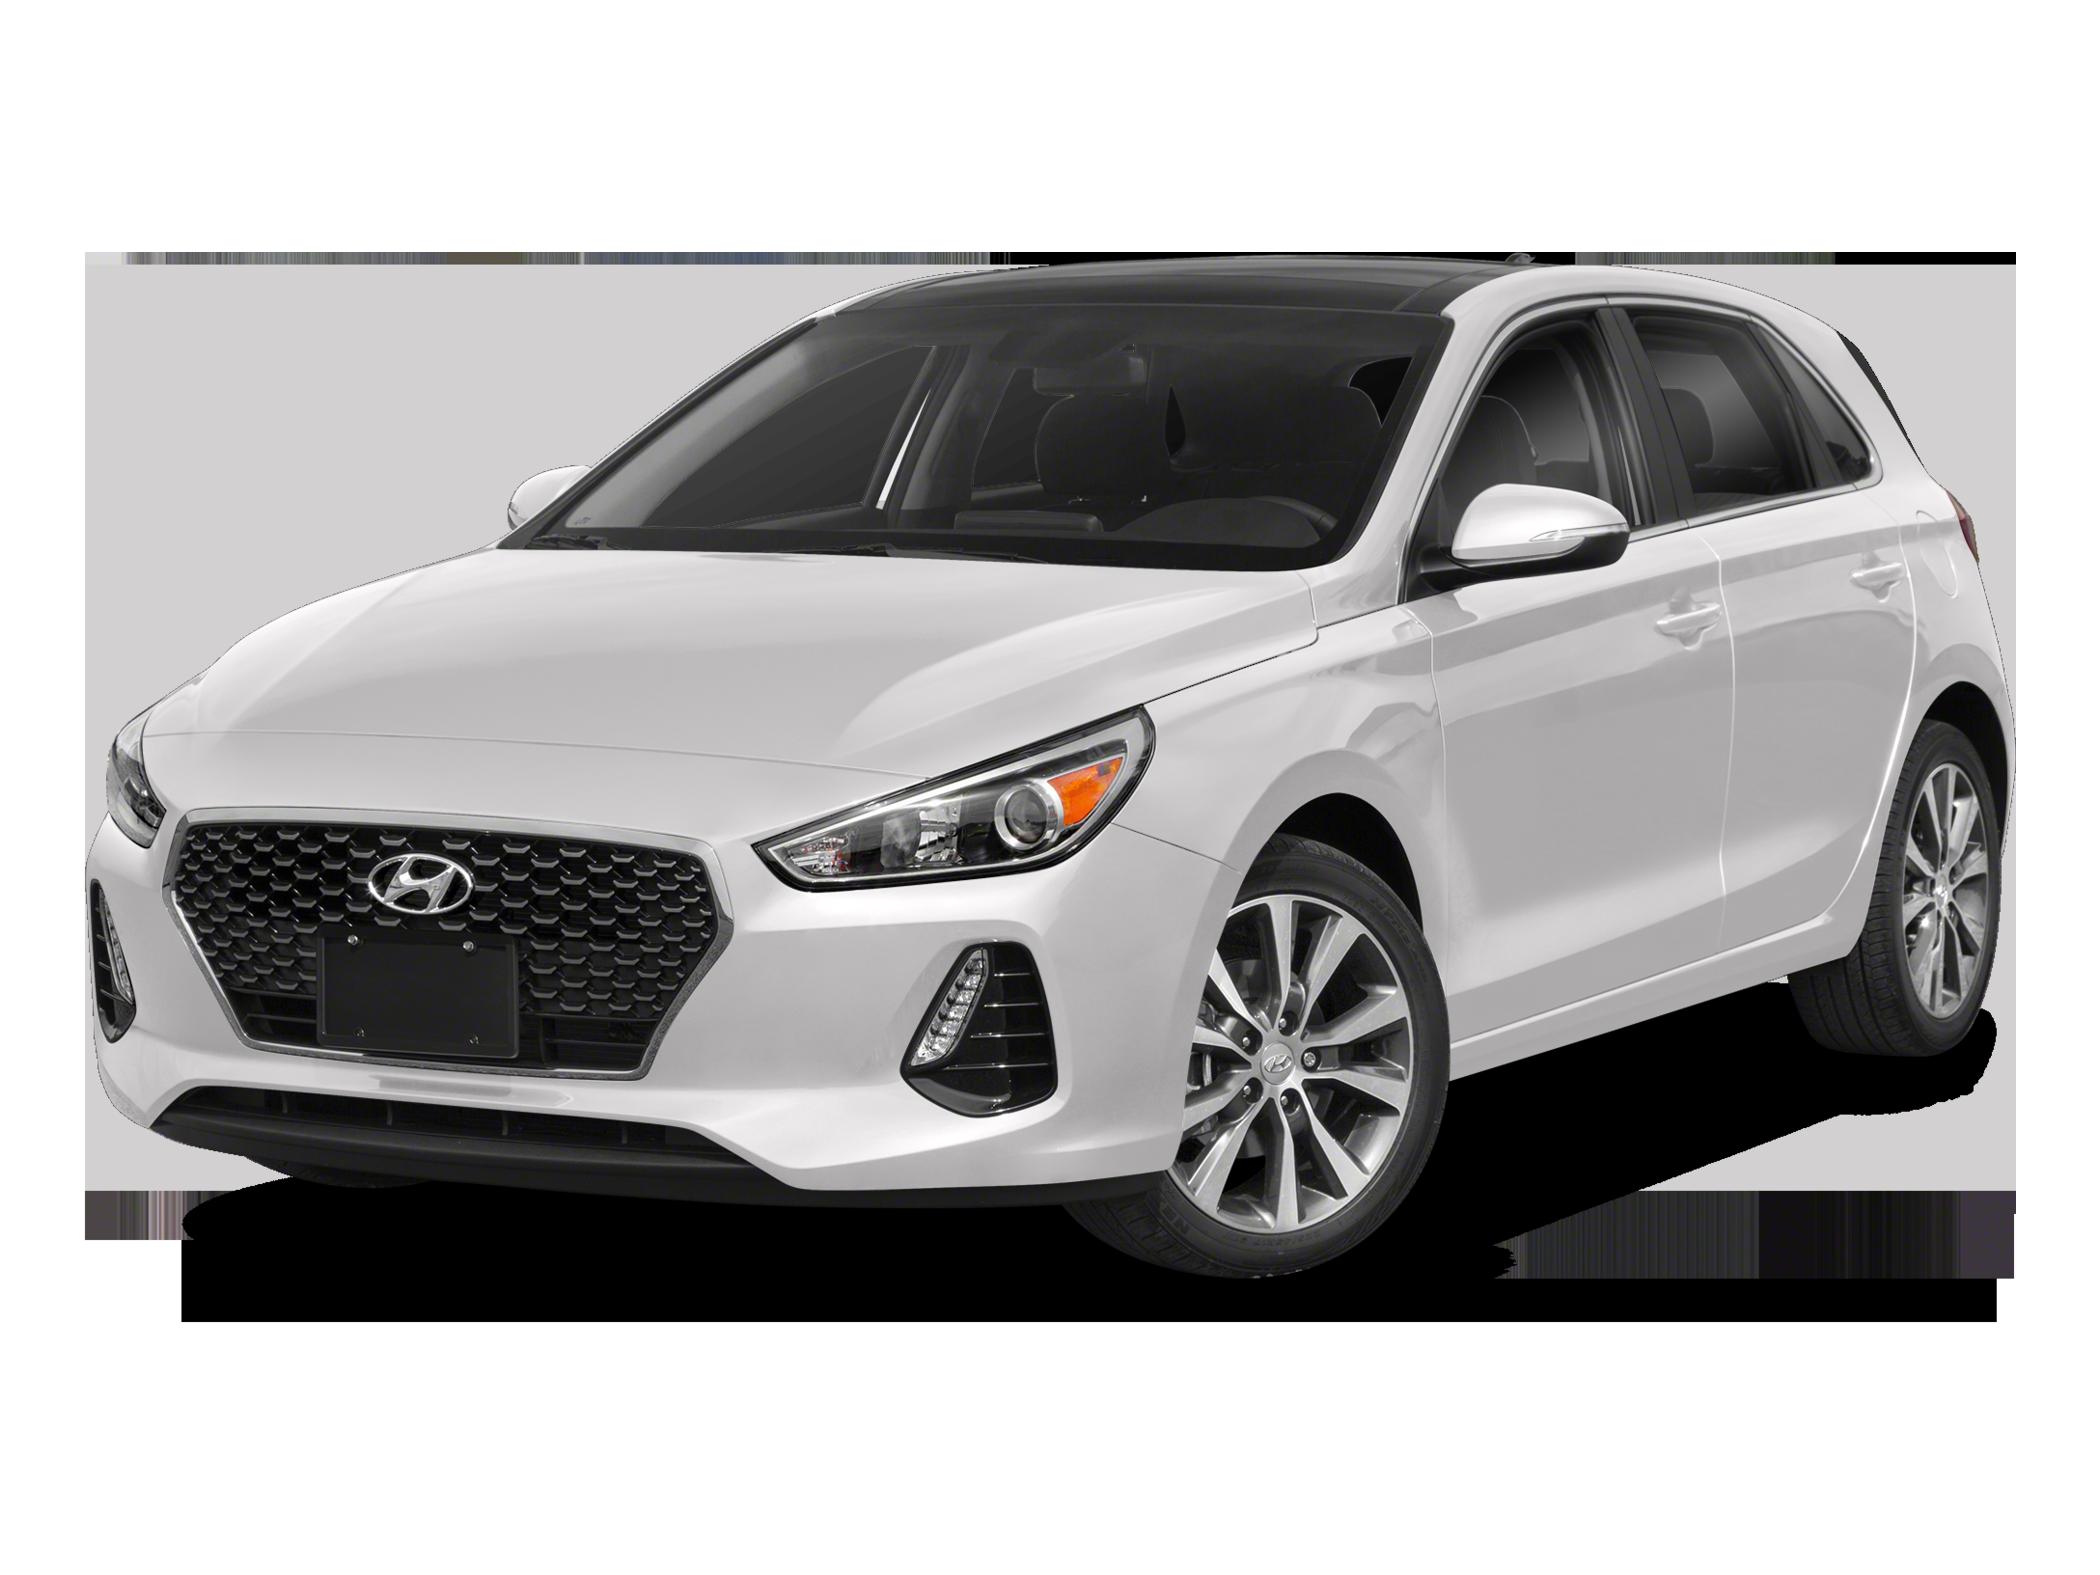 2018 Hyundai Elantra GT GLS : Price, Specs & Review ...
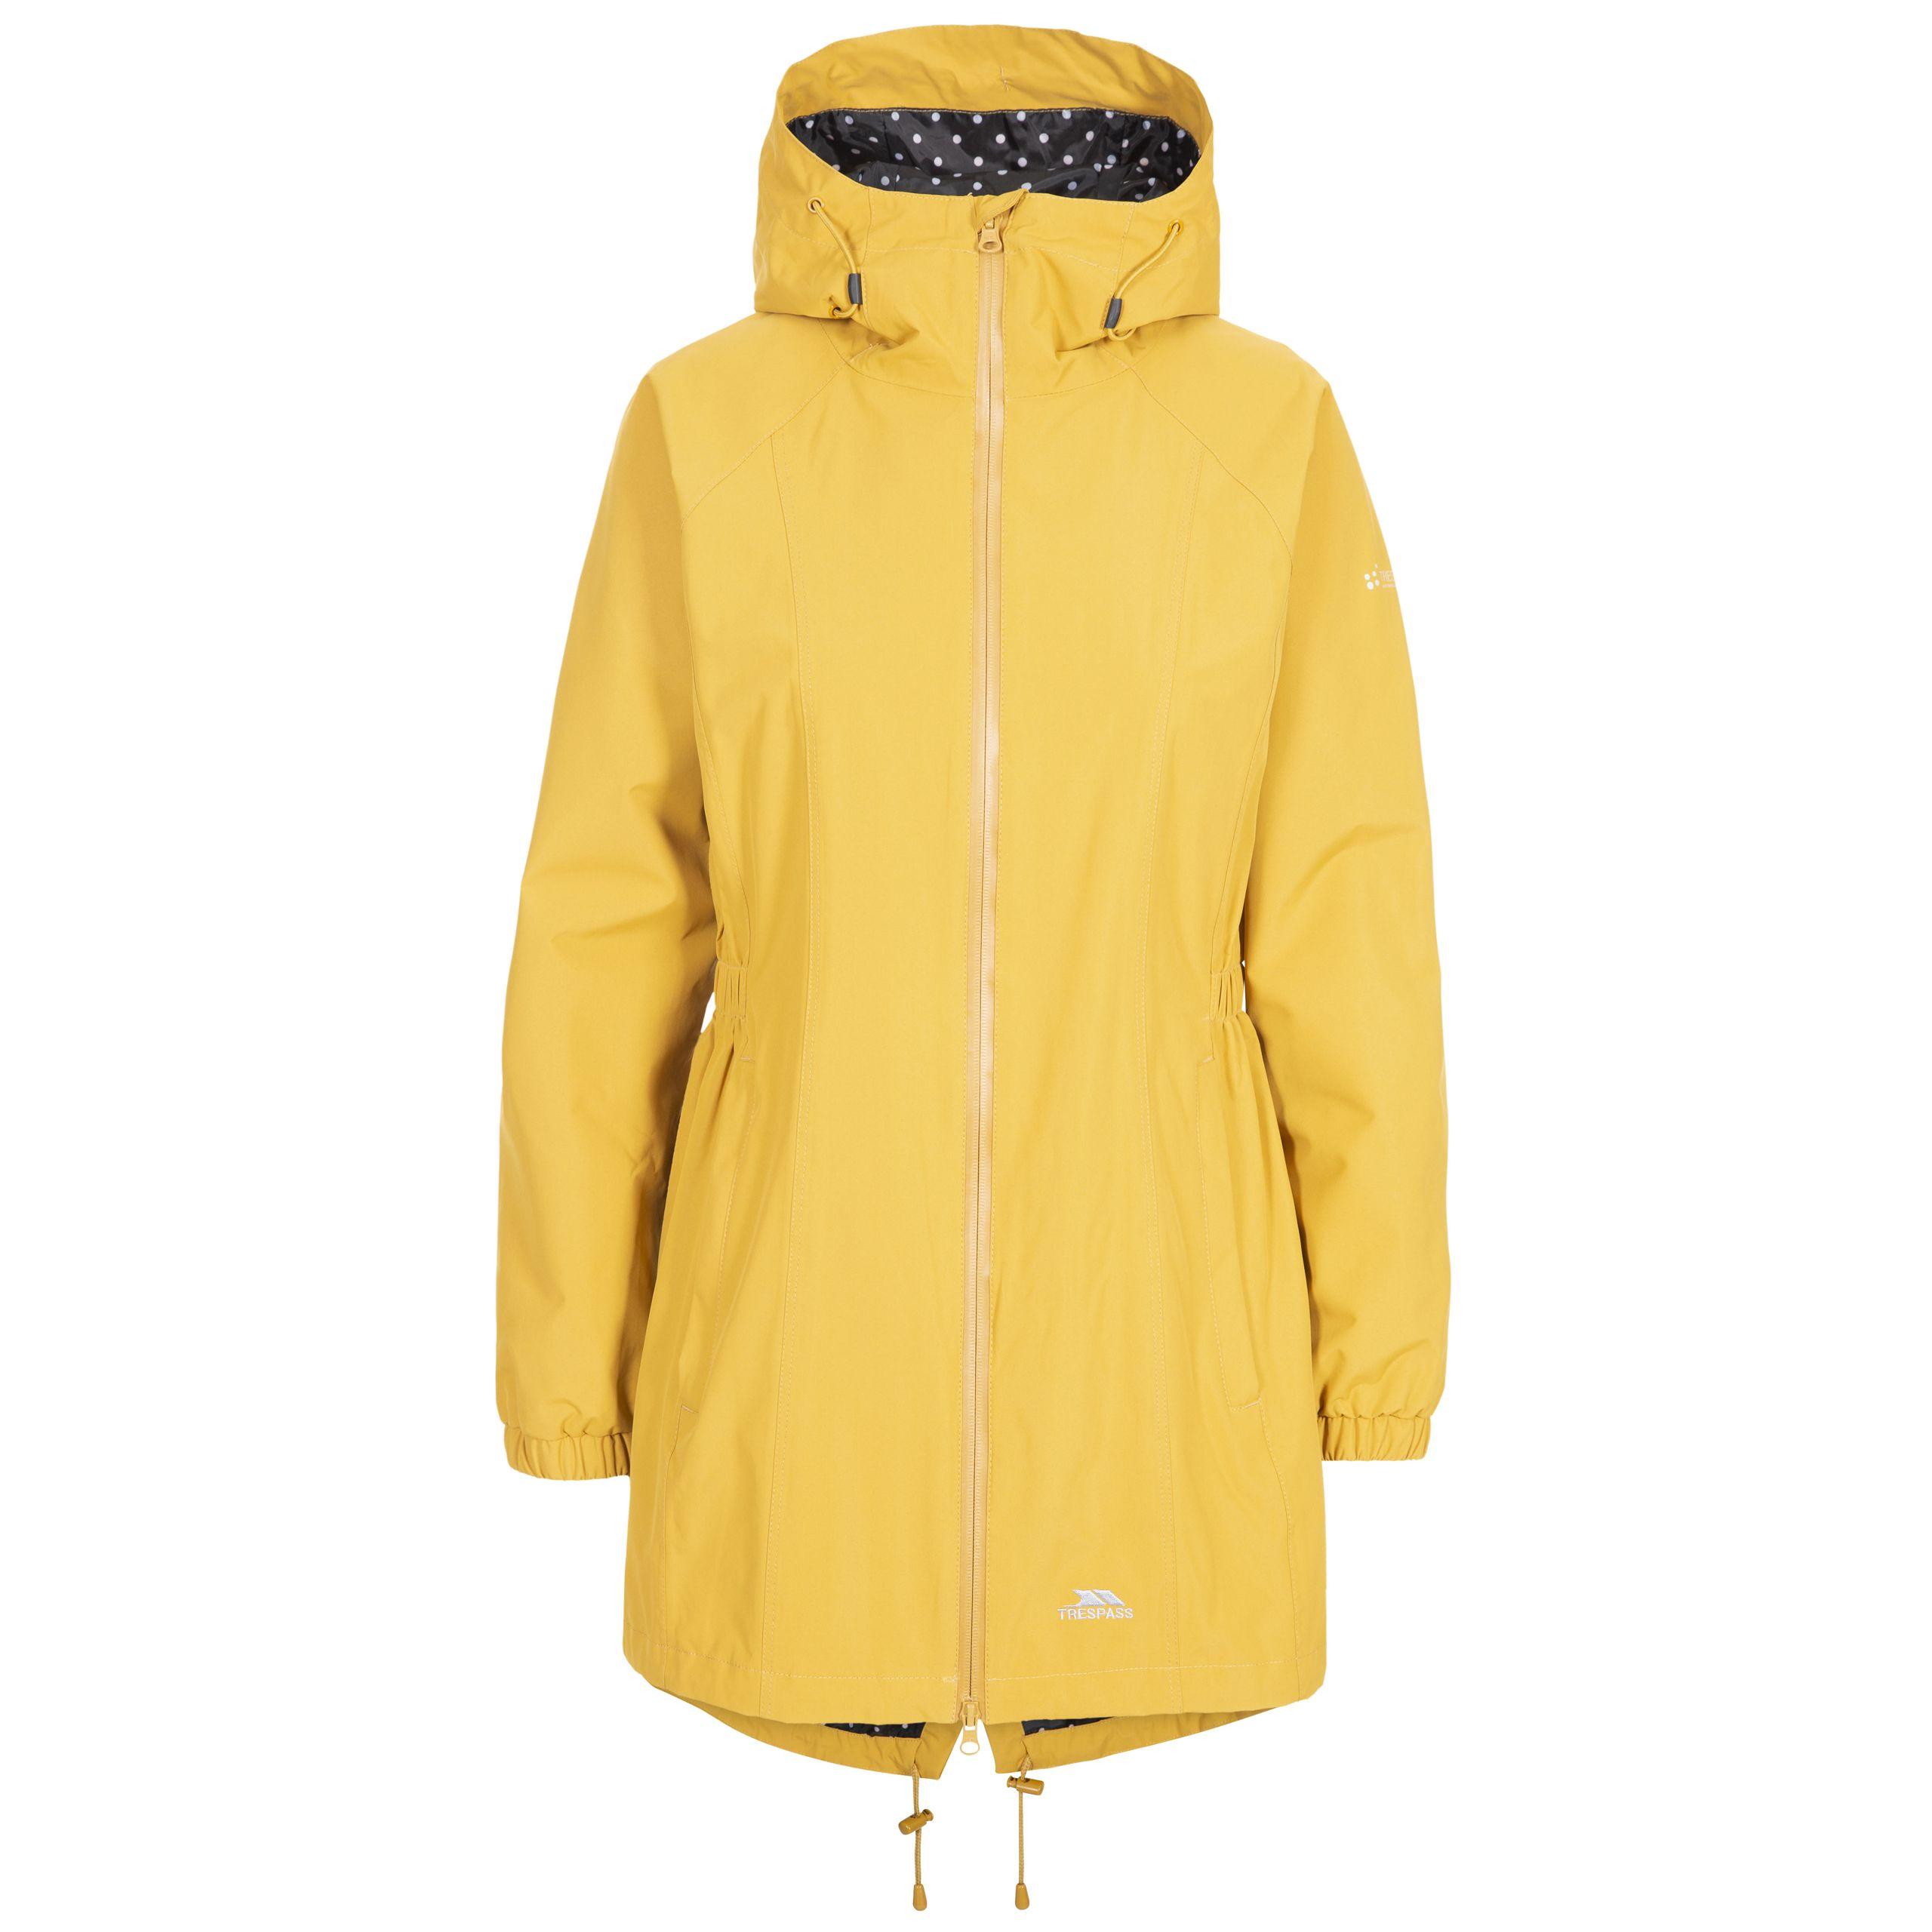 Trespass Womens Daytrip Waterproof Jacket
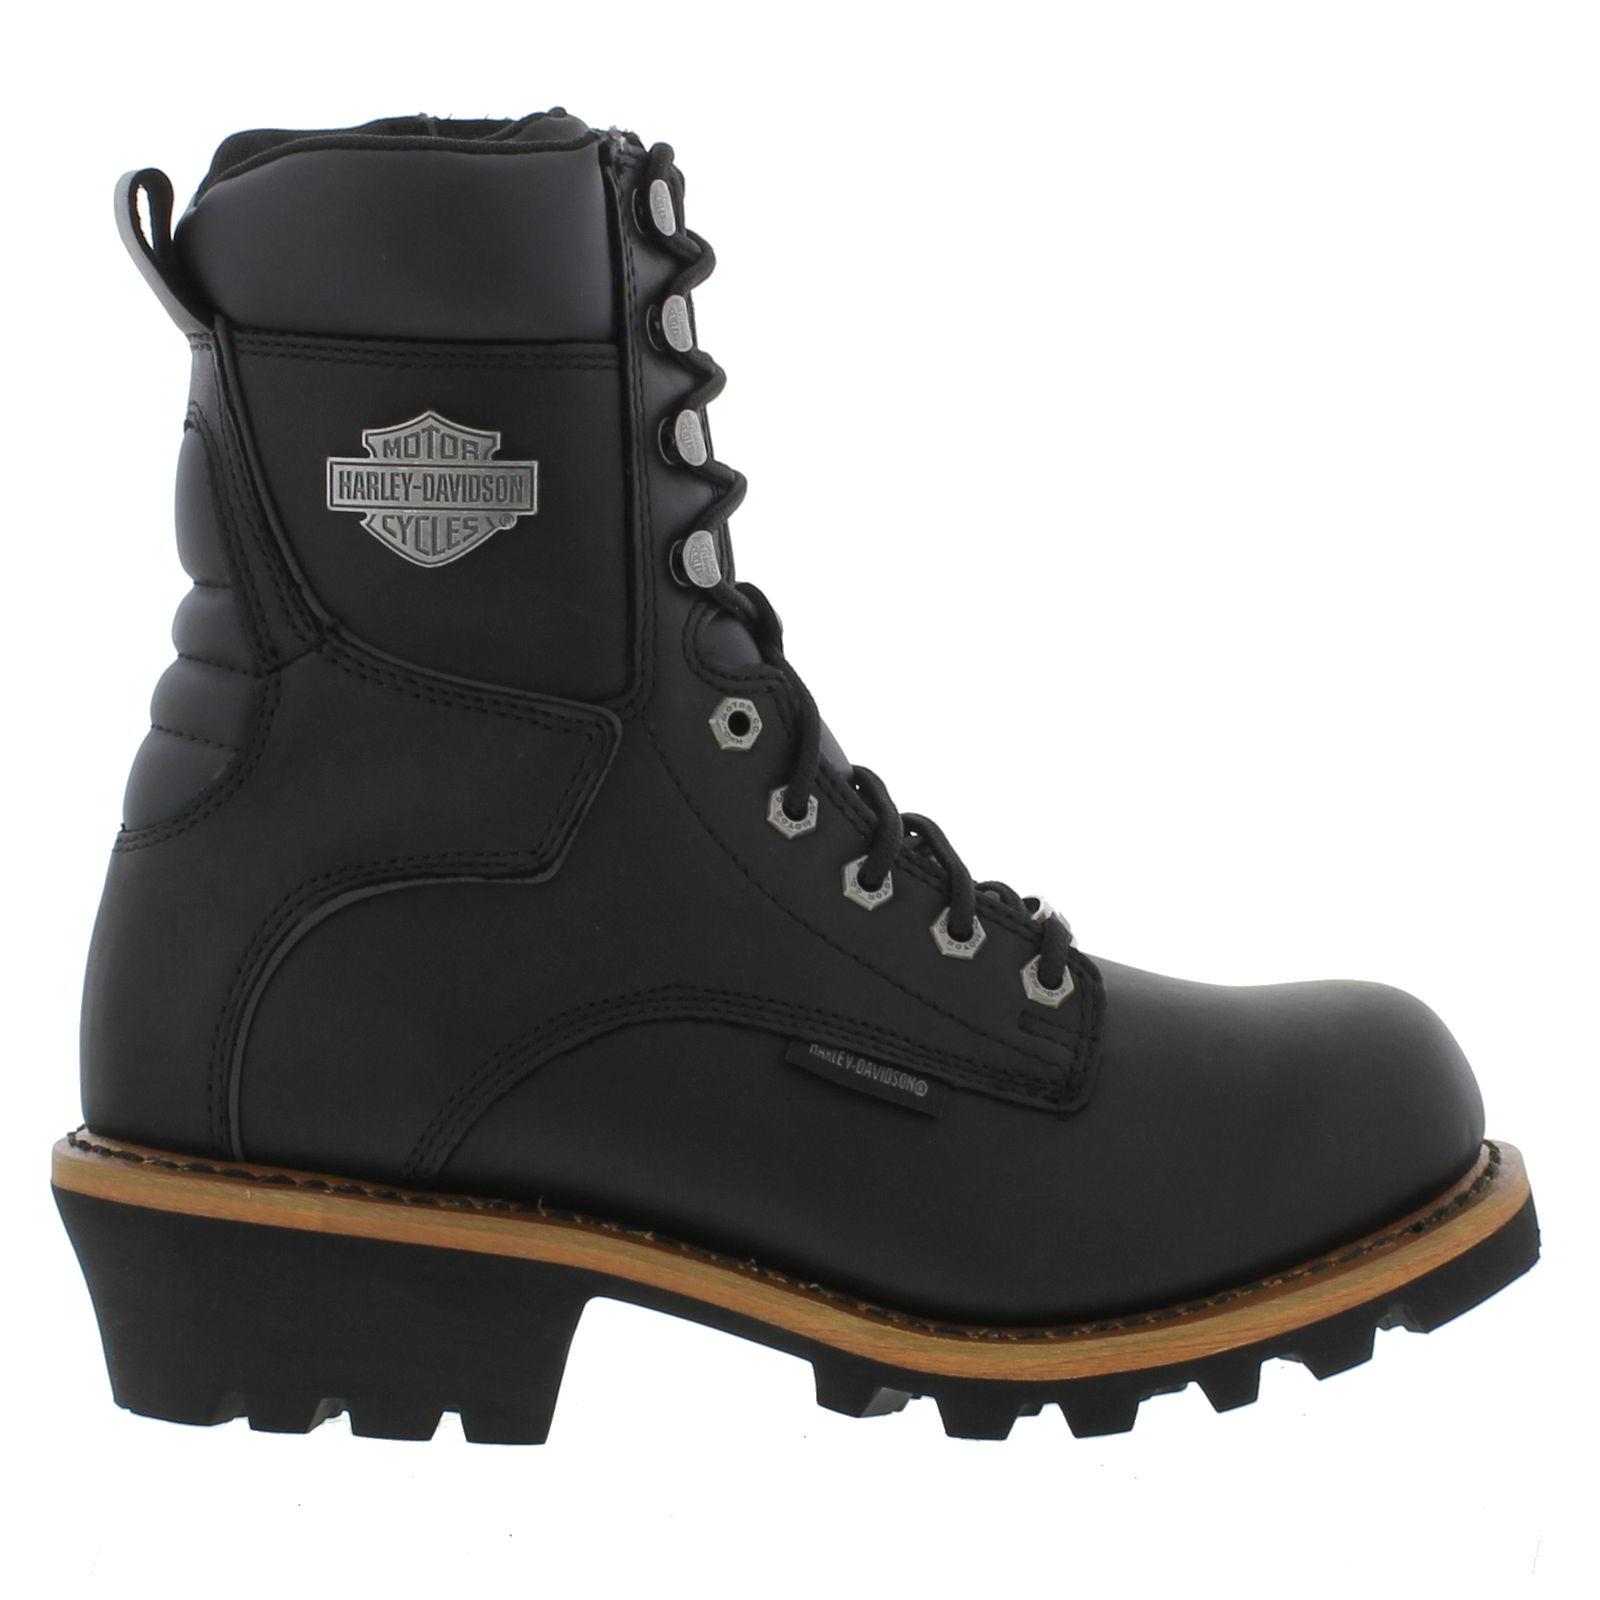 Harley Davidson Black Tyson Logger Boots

**Assignment**.
Leaving the pictures out, output each line of the listing exactly.

**Worked solution**.
 2018 Hyundai Elantra GT GLS : Price, Specs & Review ...
 Trespass Womens Daytrip Waterproof Jacket
 Harley Davidson Black Tyson Logger Boots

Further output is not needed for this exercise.